1. Field of the Invention
This invention relates to nanostructured materials based on carbon nanofibres and/or nanotubes.
2. Description of the Related Art
Carbon nanofibres and nanotubes are materials which are well known in the state of the art. By “carbon nanofibre or nanotube” is meant for the purposes of this description a tubular carbon-based structure which is generally essentially based on carbon in the form of sheets of graphene having diameters of between 2 and 200 nm (dimensions which can be measured in particular from electron microscope images). These compounds belong to the family known as “nanostructured materials” which have at least one characteristic dimension of the order of a nanometer.
There are many types of carbon nanofibres and nanotubes of this kind, such as nanofibres comprising stacks of flat graphene sheets (known as “stacks”) or “cones”, or else carbon nanotubes, which are hollow cylindrical structures based on sheets of graphene rolled on themselves, a same nanotube often comprising several concentric cylinders based on graphene. These materials are generally obtained by progressive growth on metal catalysts in dispersed form, especially by the so-called process of “vapour deposition”, which comprises placing a gas containing a carbon source into contact with a catalyst based on a transition metal which is in the metallic state, in the powder state, or which is supported. For more details concerning these materials and their manner of synthesis reference may be made in particular to the articles “Nanotubes from carbon” by P. M. Ajayan (Chem. Rev., vol. 99, p. 1787, 1999) and “Carbon nanofibers: catalytic synthesis and applications” by K. de Jong and J. W. Geus (Catal. Rev. Sci. Eng., vol. 42, p. 481, 2000).

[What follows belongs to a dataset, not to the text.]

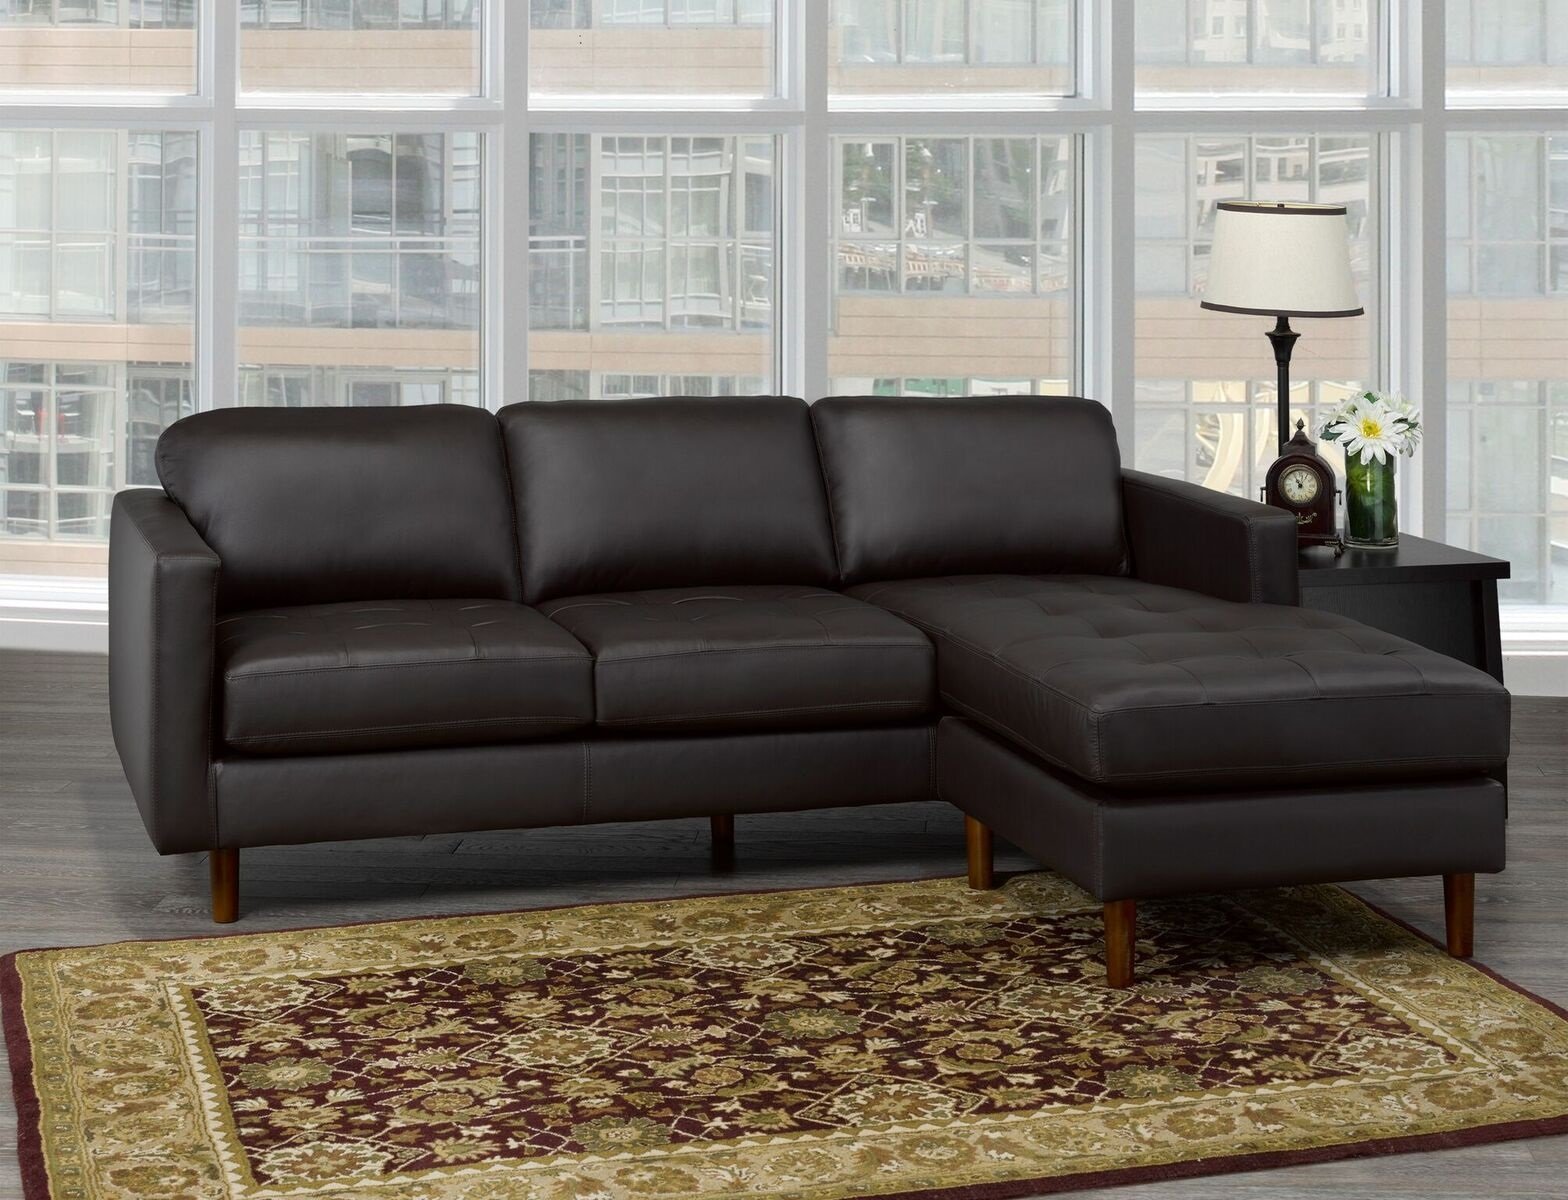 Berkeley Sectional - Chocolate Leather - Canadian Furniture

As a general rule, whatever their precise structure may be, nanostructured materials of the carbon nanofibres and nanotubes type have very useful physical and chemical properties.

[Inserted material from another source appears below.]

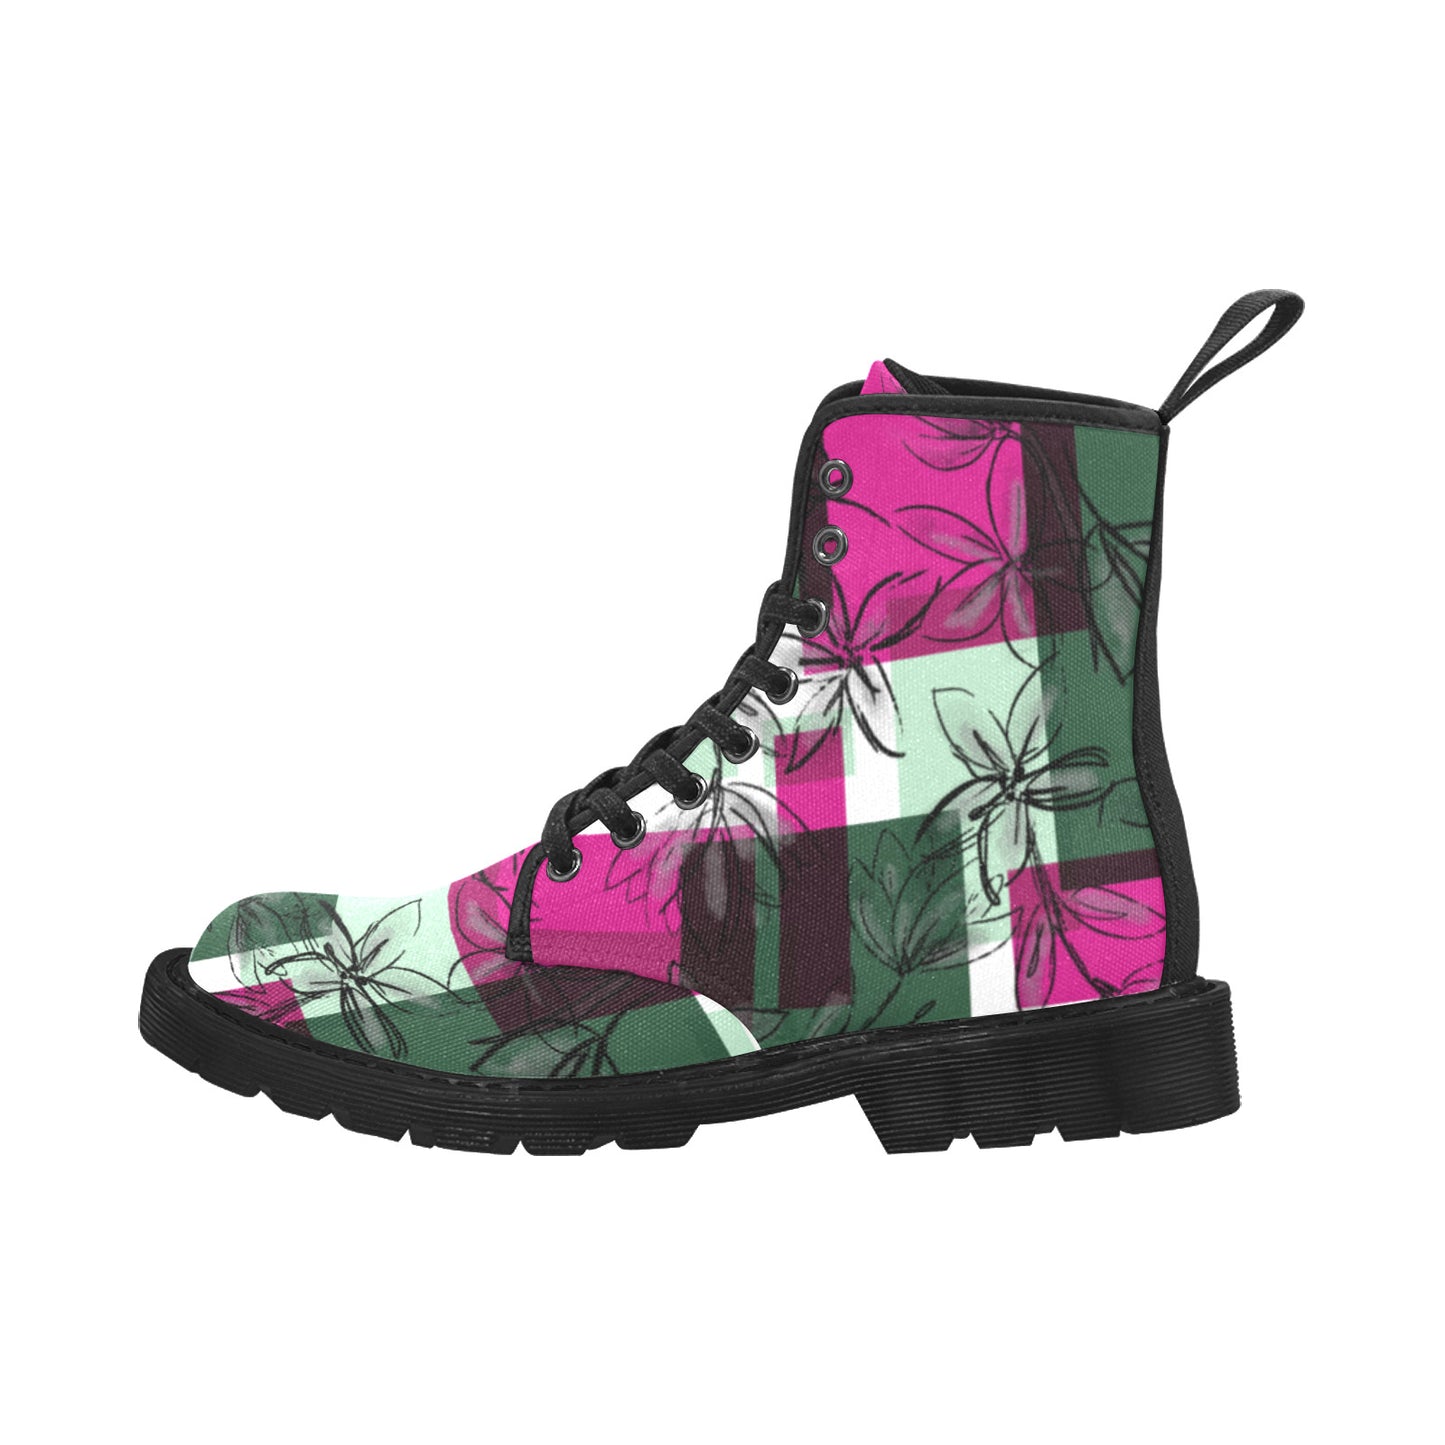 Spring Sky Boots for Women

Normally, carbon nanofibres and nanotubes generally have a relatively high specific surface area associated with good intrinsic mechanical strength, which makes them substrates of choice, especially for the deposition of catalytic species.
Furthermore, given their nanometric dimensions, carbon nanotubes and nanofibres very often have intrinsic properties which are useful in catalysis. In particular, it is known from the article “Mesoporous carbon nanotubes for use as support in catalysis and as nanosized reactors for one-dimensional inorganic material synthesis” (Appl. Catal. A, 254, 345, 2003), that carbon nanotubes behave as “nanoreactors”, their internal space defining a specific environment wherein the conditions under which chemical reactions take place are modified. In fact the internal diameter of a nanotube is generally of the order of 1 to 100 nm, which creates a space in which the conditions under which chemical species meet can be channeled and optimised. Thus, the use of nanotubes makes it possible to achieve high yields at ambient temperature and atmospheric pressure in reactions which under conventional conditions would require the use of higher temperatures and/or pressures. In this context, nanotubes can especially be used to catalyse Friedel-Crafts reactions, or again reactions for the desulphurisation of effluents containing H2S, for example the final desulphurisation of effluents from the petroleum industry. In that respect reference may be made to the article “Carbon nanotubes as nanosized reactor for the selective oxidation of H2S into elemental sulphur” (Catal. Today, 91-92, 91, 2004).
Nevertheless, apart from these various advantages, nanostructured compounds based on carbon nanotubes or nanofibres are very frequently of very small size, which makes them very difficult to handle and control.
Especially carbon nanotubes and nanofibres have a very strong tendency to dusting, which is particularly likely to give rise to environmental and safety problems, in view of the high reactivity of the carbon nanotubes and nanofibres.
In addition, it should further be noted that, because of their very small size, carbon nanotubes and nanofibres are generally not filterable. It is therefore difficult to decontaminate air containing them in dust form. It is also difficult to recover catalysts based on carbon nanotubes and nanotubes after they have been used in a liquid medium, for example at the end of reactions in reactors of the stirred bed type.
Moreover, the small size of carbon nanotubes and nanofibres also prevents their use in reactors of the fixed bed type, particularly because of problems of loss of head.
For all these reasons, in practice, carbon nanotubes and nanofibres find little employment per se as catalysts or supports for catalysts in industrial processes.
In order to overcome the aforesaid disadvantages of carbon nanofibres and nanotubes, namely the difficulty of shaping them, the dust to which they give rise and the difficulty of using them in reactors of the fixed or stirred bed type, one solution, which has been especially suggested in application WO 03/048039, comprises immobilising these nanofibres and nanotubes on supports, for example on beads, felts, fibres, foams, extrusions, solid blocks or pellets.
This solution is certainly useful, but it requires the use of a carrier substrate, which is generally inactive in terms of catalysis. Thus in materials of the type of those described in WO 03/048039, the mass of the carrier substrate may represent up to 90% of the total mass of the material, which reduces the overall effectiveness of the material in relation to its total mass. In addition to this phenomenon of diluting catalytic activity, the presence of the carrier substrate very often means that, in the case of nanotubes, one of the inlets of the tube is not available since it is connected to the carrier substrate. Therefore, only one of the inlet to each of the nanotubes is available, which limits the catalytic efficiency of each nanotube and therefore again reduces the overall catalytic efficiency of the material.